Now we are prepared to run the population simulation. The original Markov model relied on matrix multiplication and dot products which is not so easy now that we’ve converted the code into a tidy data format.

The first thing to do is combine the population data frame pop and transition probability matrix p_matrix. We can do this using the join operators in dplyr. Joins are a way to match rows according to their entries in specified columns. This is a large field, again very important in SQL when using relational databases. I recommend checking out the help documentation. The base R version merge does lots of the same things as *_join.

The joined data frame looks like the following. We also filter the data frame for one particular cycle and take the product of the state populations and transition probabilities from that state.

dplyr::full_join(pop, p_matrix,
                 by = c("treatment" = "treatment",
                        "state" = "from")) |>
  filter(cycle == j - 1) |> 
  mutate(prop = val.x*val.y) 

Now we wish to sum up the total number of transitions in to a state. To do this we need to specify which groups of rows to do this by using the group_by() function. So we don’t include the from column in this list so all from states to a particular to state are aggregated. How they are aggregated is specified by summarise() which in this case is sum but this could be any statistic plugged in here.

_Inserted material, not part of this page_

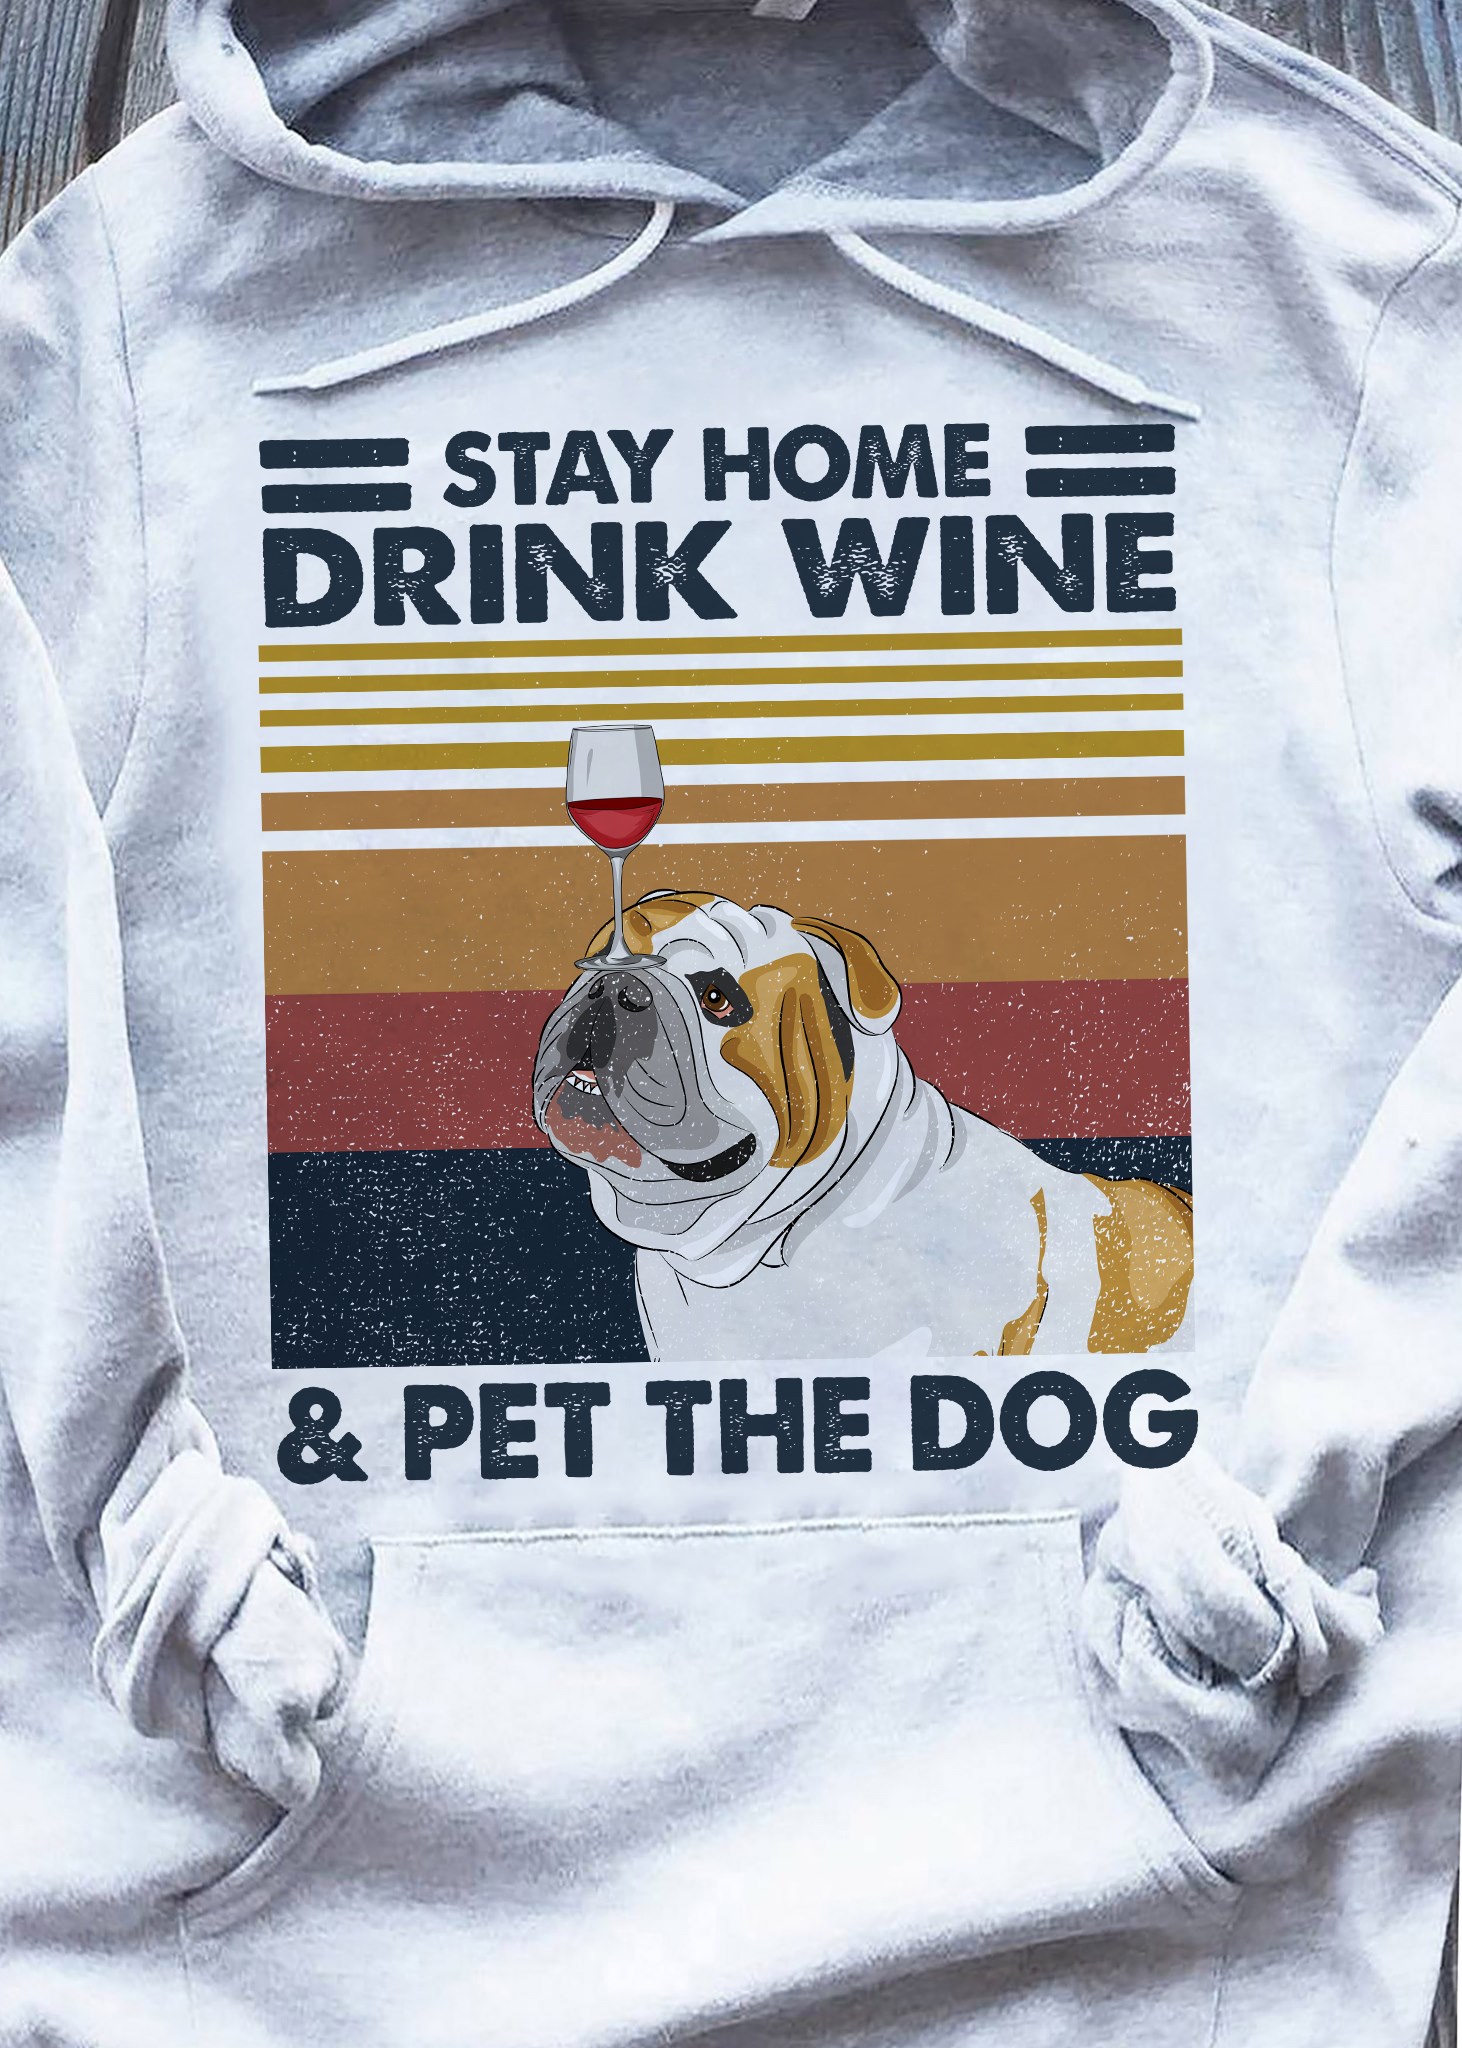 Stay home drink wine and pet the dog - Pug dog and wine lover

dplyr::full_join(pop, p_matrix,
                 by = c("treatment" = "treatment",
                        "state" = "from")) |>
  filter(cycle == j - 1) |> 
  mutate(prop = val.x*val.y) |>
  group_by(treatment, cycle, to) |>
  summarise(val = sum(prop), .groups = "keep") 

Finally, we need to insert these newly calculated population values in to the pop data frame. We can do this with another full_join. The join doesn’t overwrite the val column though, even though they’re called the same thing. It creates two new columns called val.x and val.y. However, we do want the new population val to be inserted into the current list. This is something called coalescing and again is something from SQL. Generally speaking, coalesce returns the first non-empty value from a set of available values so in our case it replaces empty val with values from the val.y column. To clean up we just remove the val.x and val.y columns using select and a negative sign in front of the names.

dplyr::full_join(pop, p_matrix,
                 by = c("treatment" = "treatment",
                        "state" = "from")) |>
  filter(cycle == j - 1) |> 
  mutate(prop = val.x*val.y) |>
  group_by(treatment, cycle, to) |>
  summarise(val = sum(prop), .groups = "keep") |> 
  mutate(cycle = j) |> 
  rename(state = to) |> 
  full_join(pop, by = c("treatment", "cycle", "state")) |> 
  mutate(val = coalesce(val.x, val.y)) |>
  select(-val.x, -val.y)

Clearly, this is not as elegant as the original code and is a good example of when certain approaches are appropriate for certain jobs. The full solutions for these exercise is in the file Markov_model_tidyverse.R. Try running the whole thing and understanding all of the new elements.